DIRECTIONS: The material below holds pictures, which are to be left out; copy exactly the lines from the one with "Atmos x The" through the one with "child labor simulator".

DATA RECORDS:
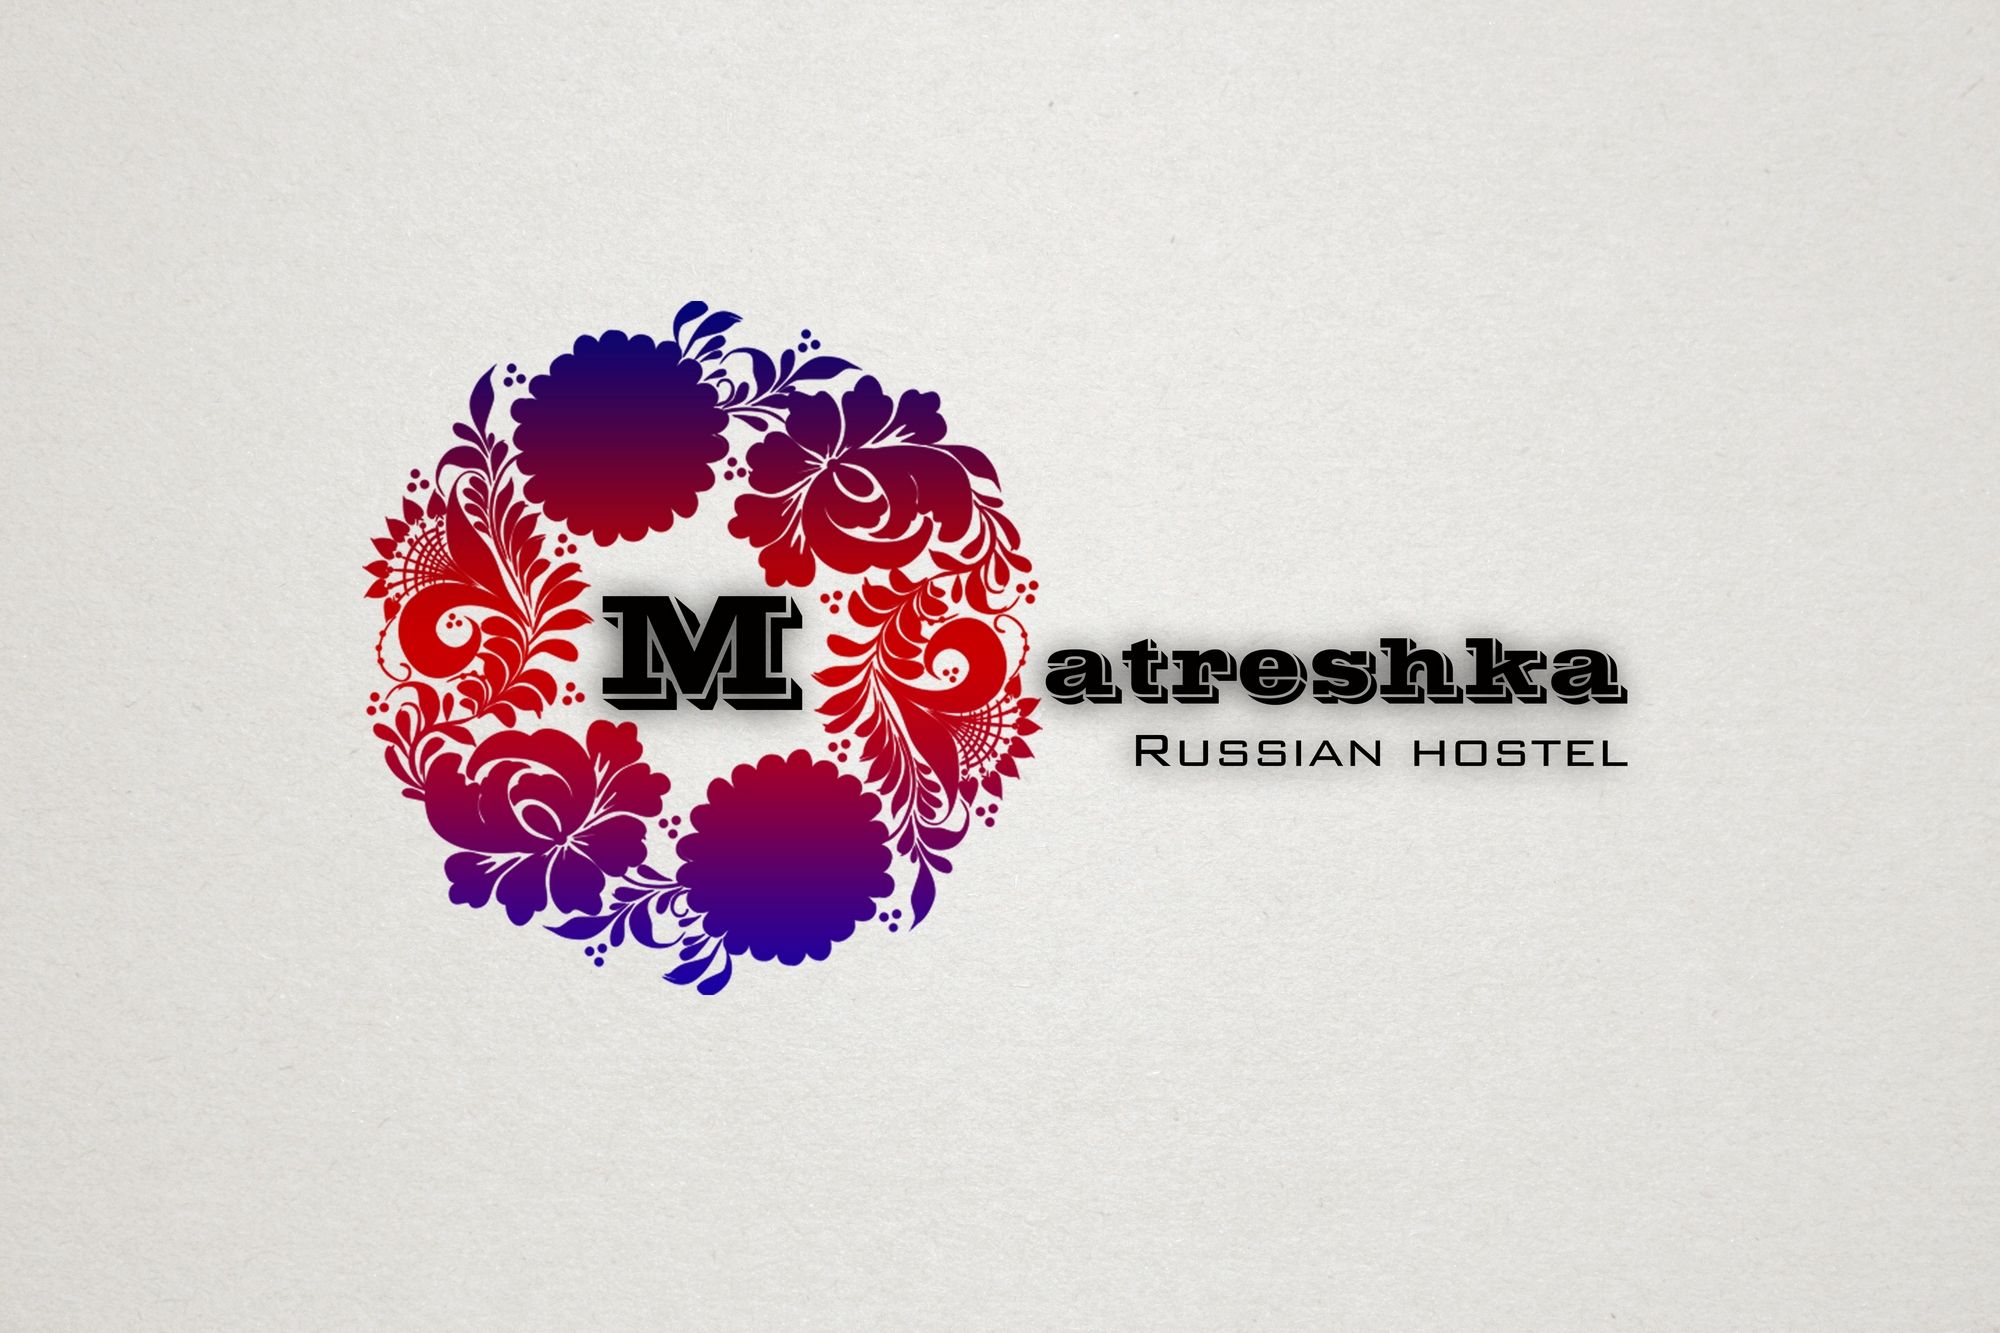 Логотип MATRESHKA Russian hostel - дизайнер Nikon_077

...

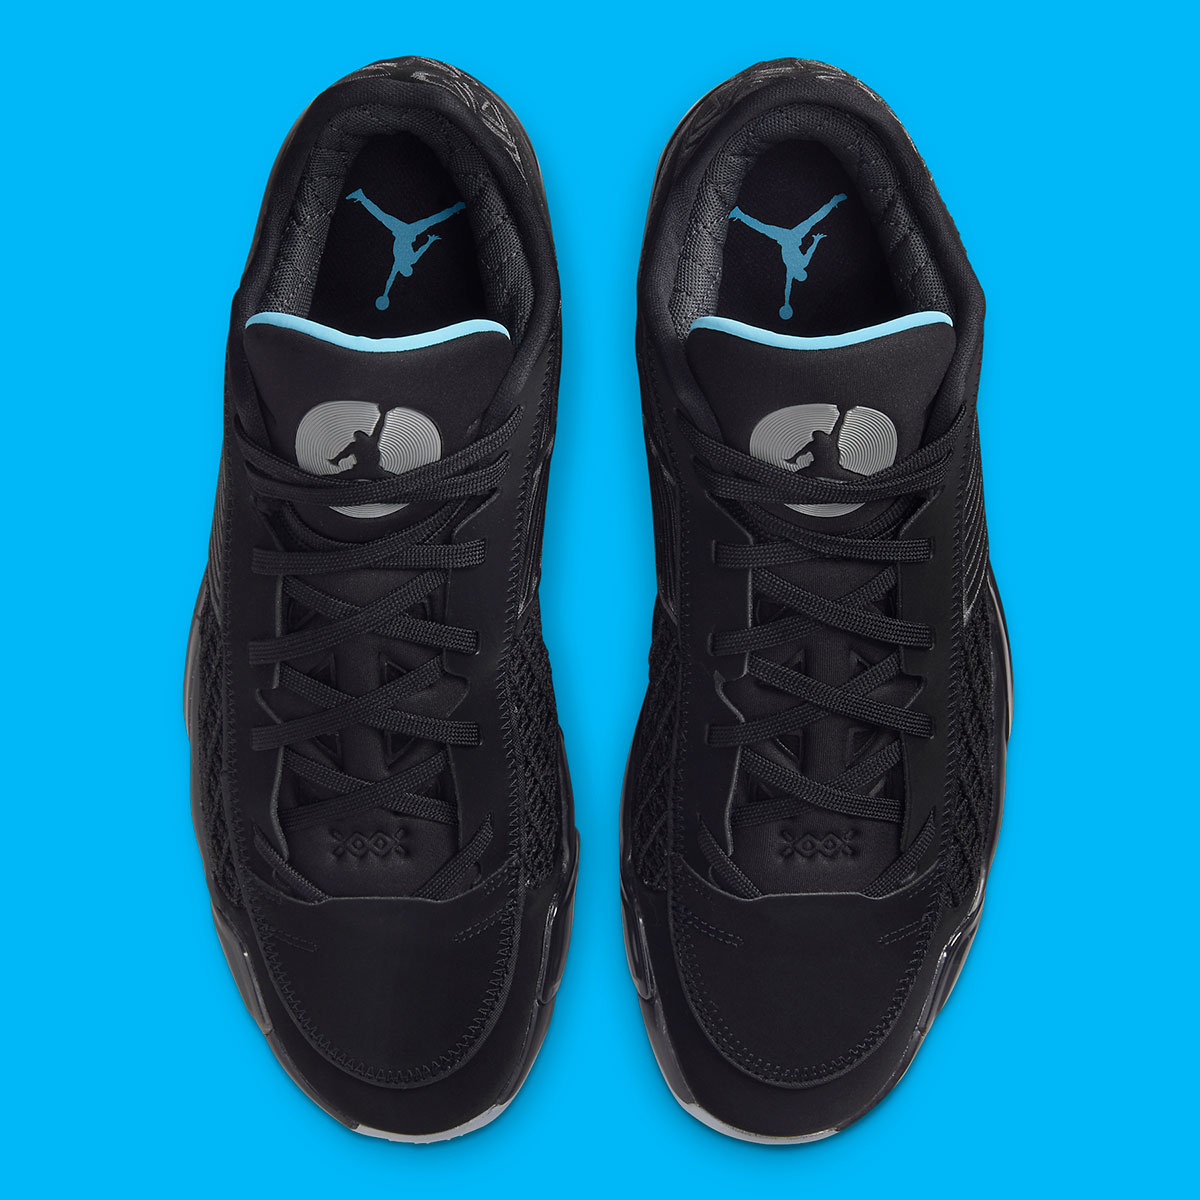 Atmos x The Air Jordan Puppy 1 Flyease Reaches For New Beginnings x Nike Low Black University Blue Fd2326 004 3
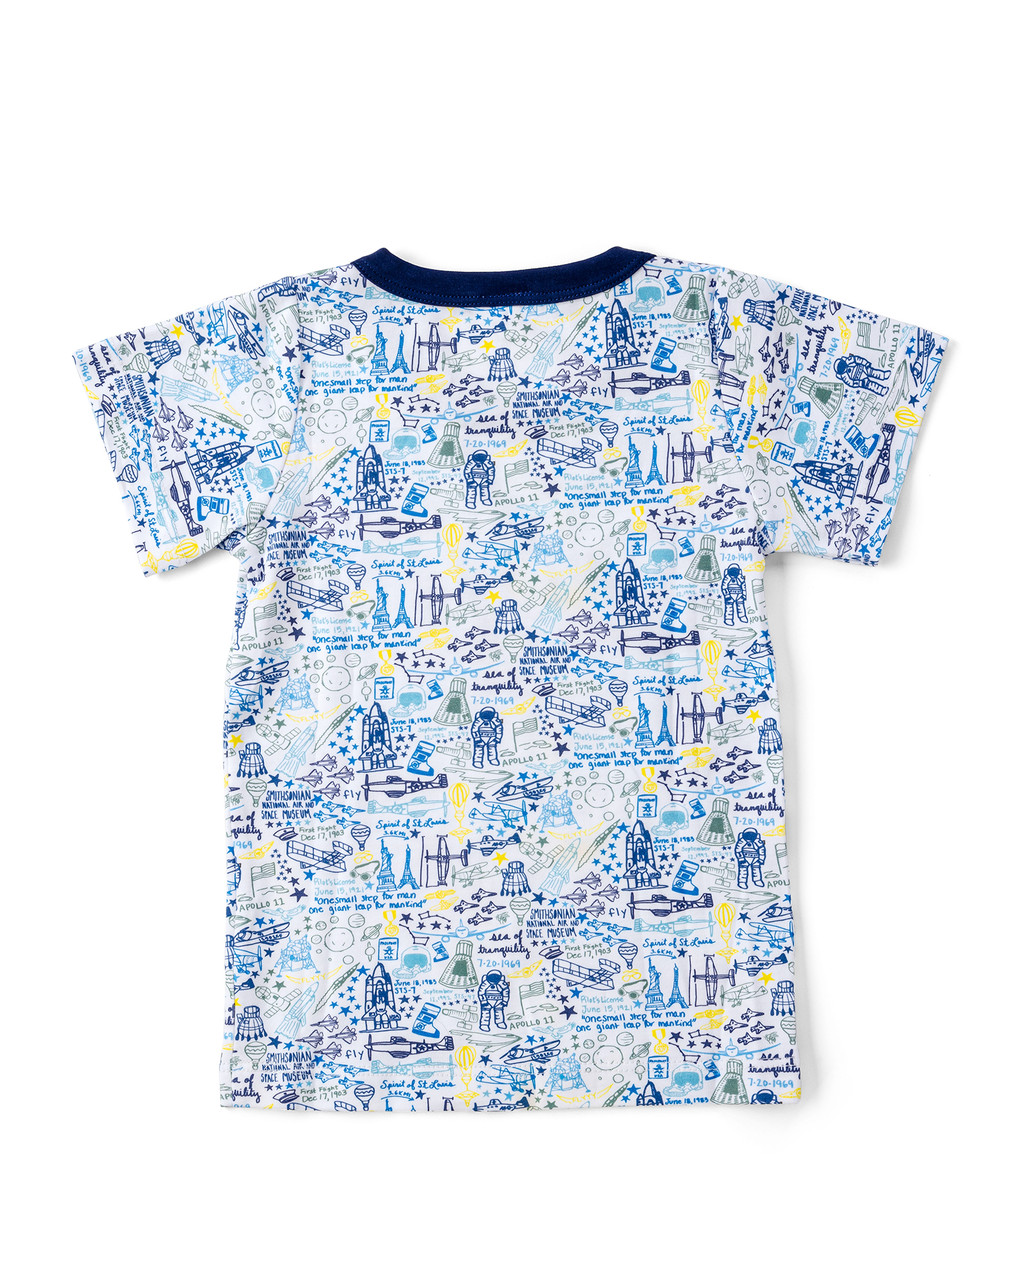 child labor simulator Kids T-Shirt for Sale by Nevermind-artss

WRITTEN RESPONSE:
 Atmos x The Air Jordan Puppy 1 Flyease Reaches For New Beginnings x Nike Low Black University Blue Fd2326 004 3
 child labor simulator Kids T-Shirt for Sale by Nevermind-artss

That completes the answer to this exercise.